Bianca Joyce

Personal information
- Born: 21 March 1990 (age 36) Nantawarra, South Australia

Sport
- Sport: Field hockey
- Position: Midfielder

National team
- Years: Team / Caps / Goals
- 2011–2013: Australia / 38 / (1)

Medal record
Women's field hockey
Representing Australia
Champions Challenge I
| Gold medal – first place | 2012 Dublin | Team |

= Bianca Joyce =

Australian field hockey player

Bianca Joyce (née Greenshields; born 21 March 1990) is a former Australian field hockey player, who played as a midfielder.

==Personal life==
Bianca Joyce was born in Nantawarra, South Australia.

She married her husband, Tom, in 2013 and the pair now reside in Crystal Brook.

==Career==
===Club level===
During her career, Joyce was a member of Port Adelaide District Hockey Club before she moved to Perth, Western Australia in 2011 to join the Hockey Australia High Performance Program, as a member of the Hockeyroos squad.

===Hockeyroos===
Following a successful campaign in the 2010 AHL, Joyce was called up to make her debut for the Australian national team in 2011. She made her official debut in February 2011, in a test match against Argentina.

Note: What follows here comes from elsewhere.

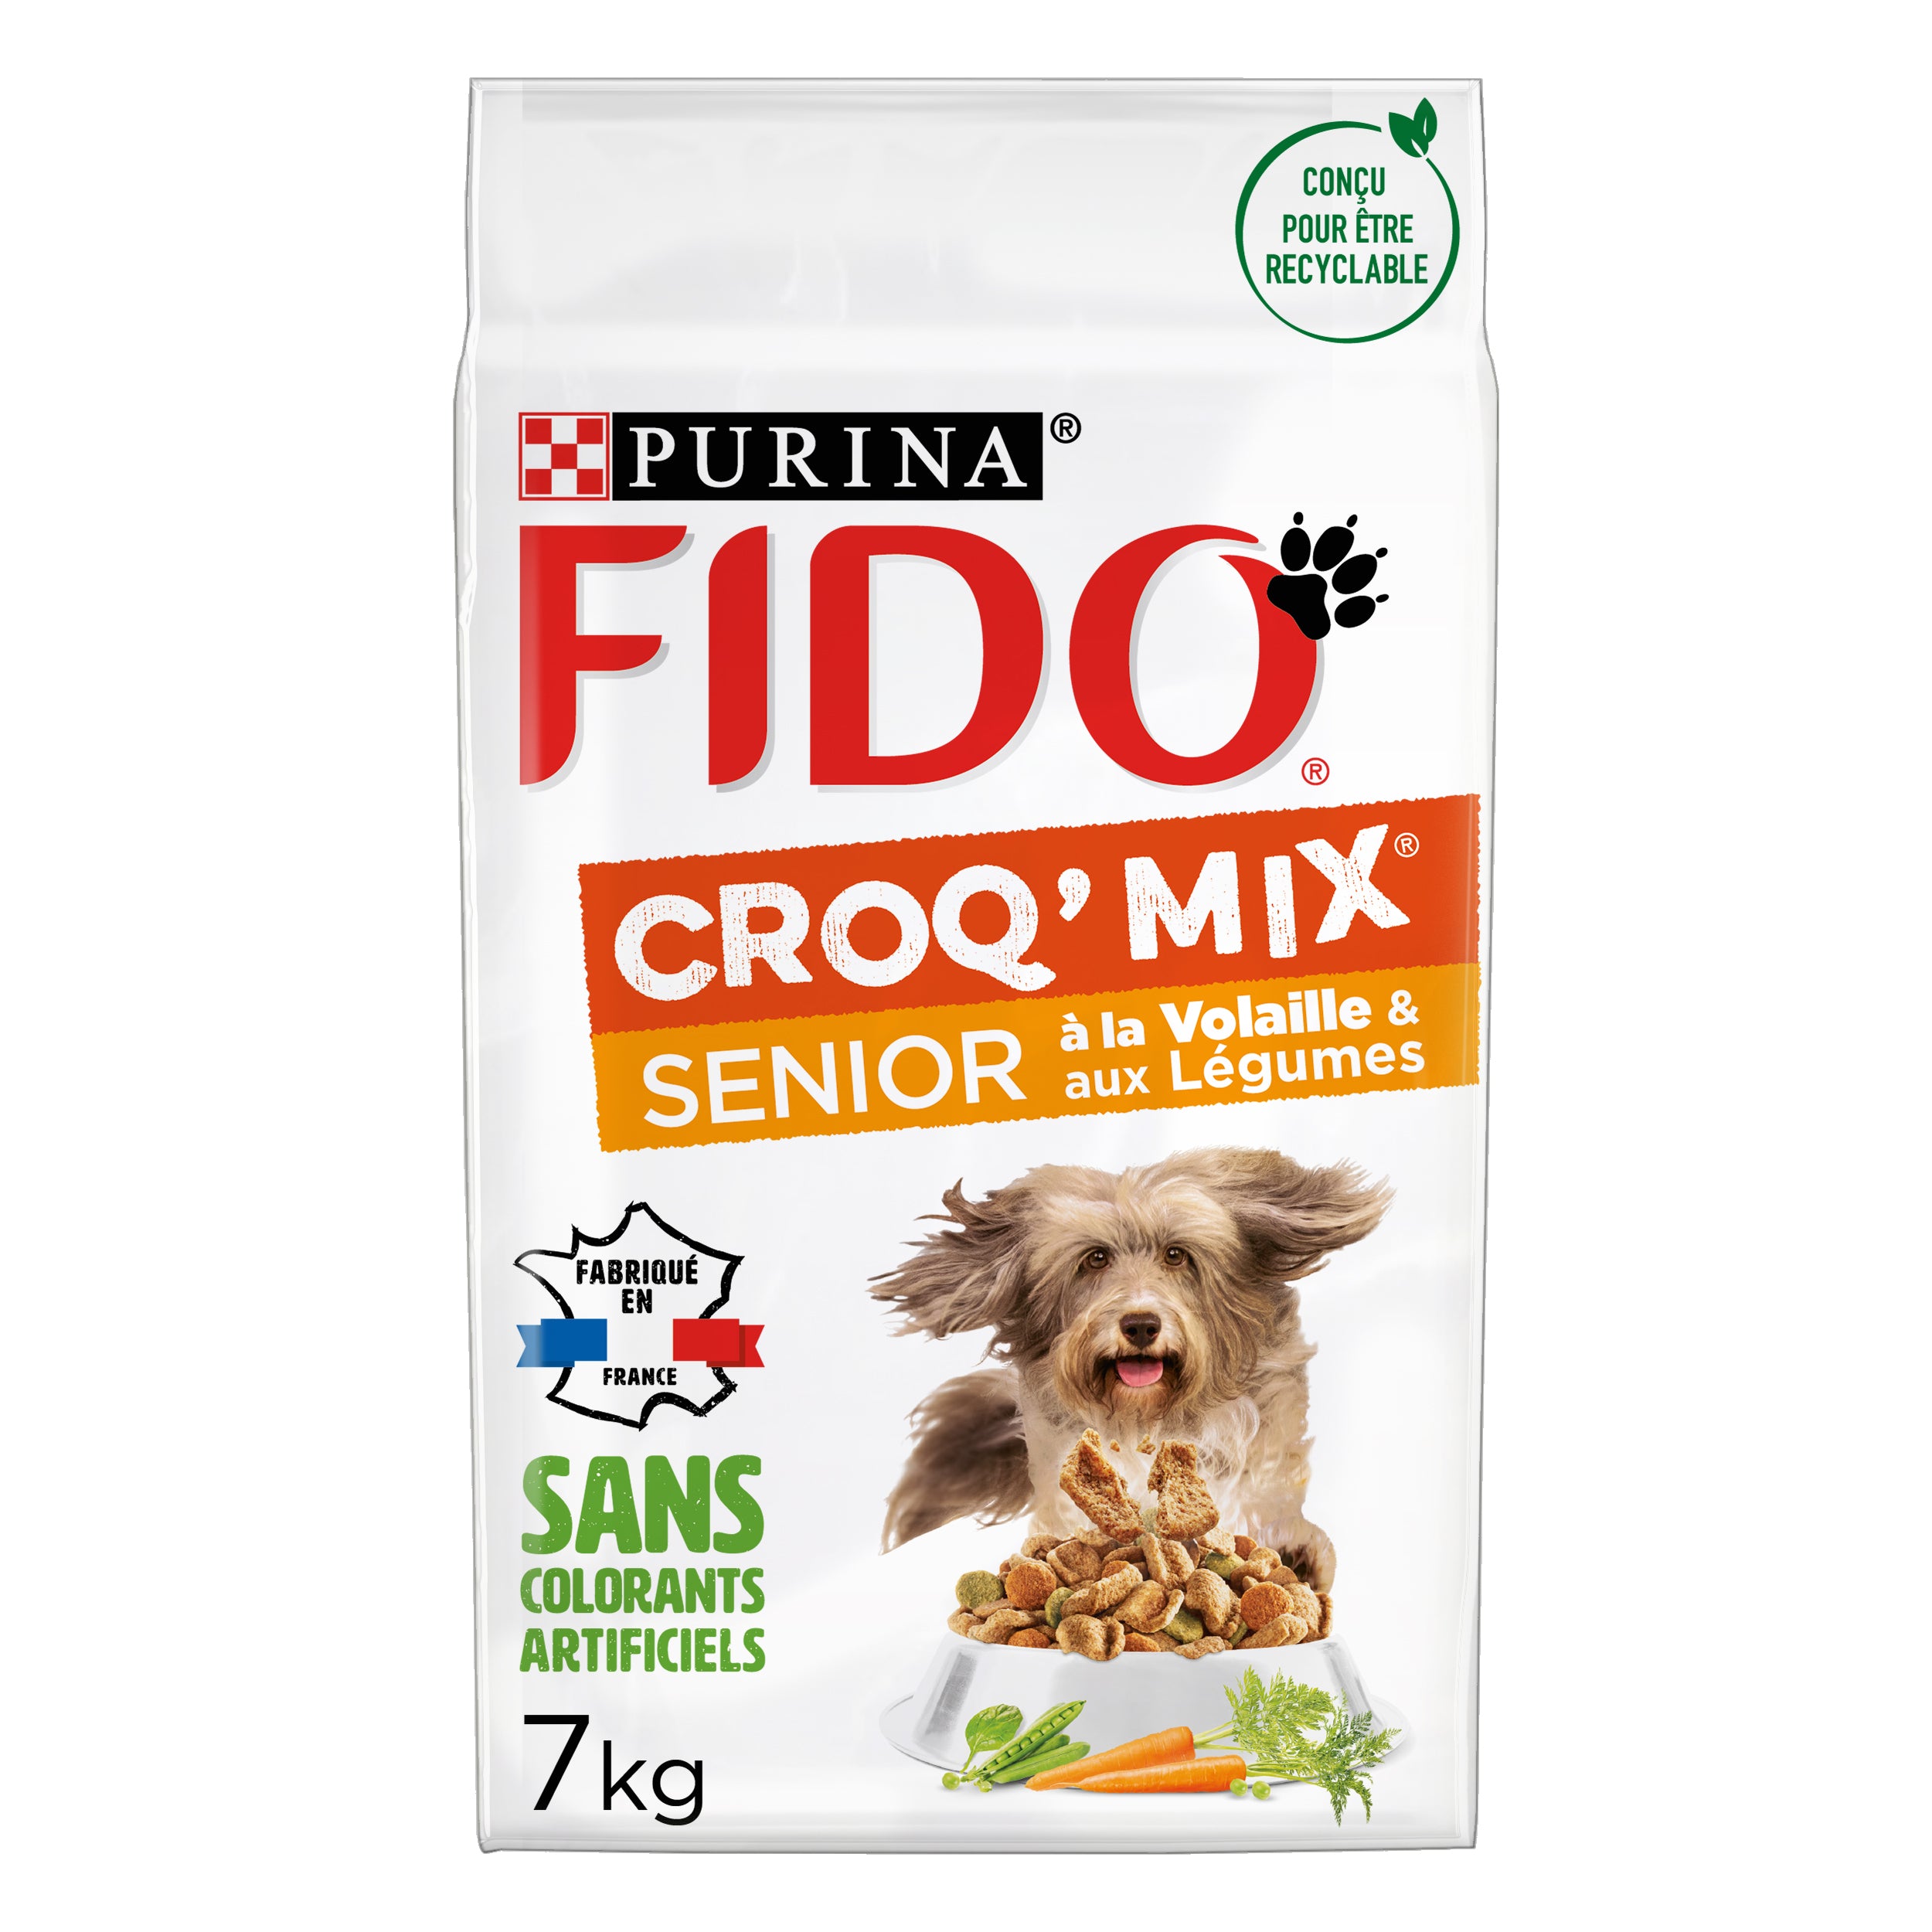 Croquette chien FIDO® CROQ’ MIX® Senior À la Volaille & aux Légumes de Purina

In November 2011, following her string of performances throughout the year, Joyce was named in the Hockeyroos 27 player training squad for the 2012 Olympic Games in London, United Kingdom. After failing to make the Olympics, Joyce was a member of the team at the 2012 Champions Challenge I in Dublin, Ireland, where she won a gold medal.

Joyce retired in 2013 after making 38 appearances for Australia.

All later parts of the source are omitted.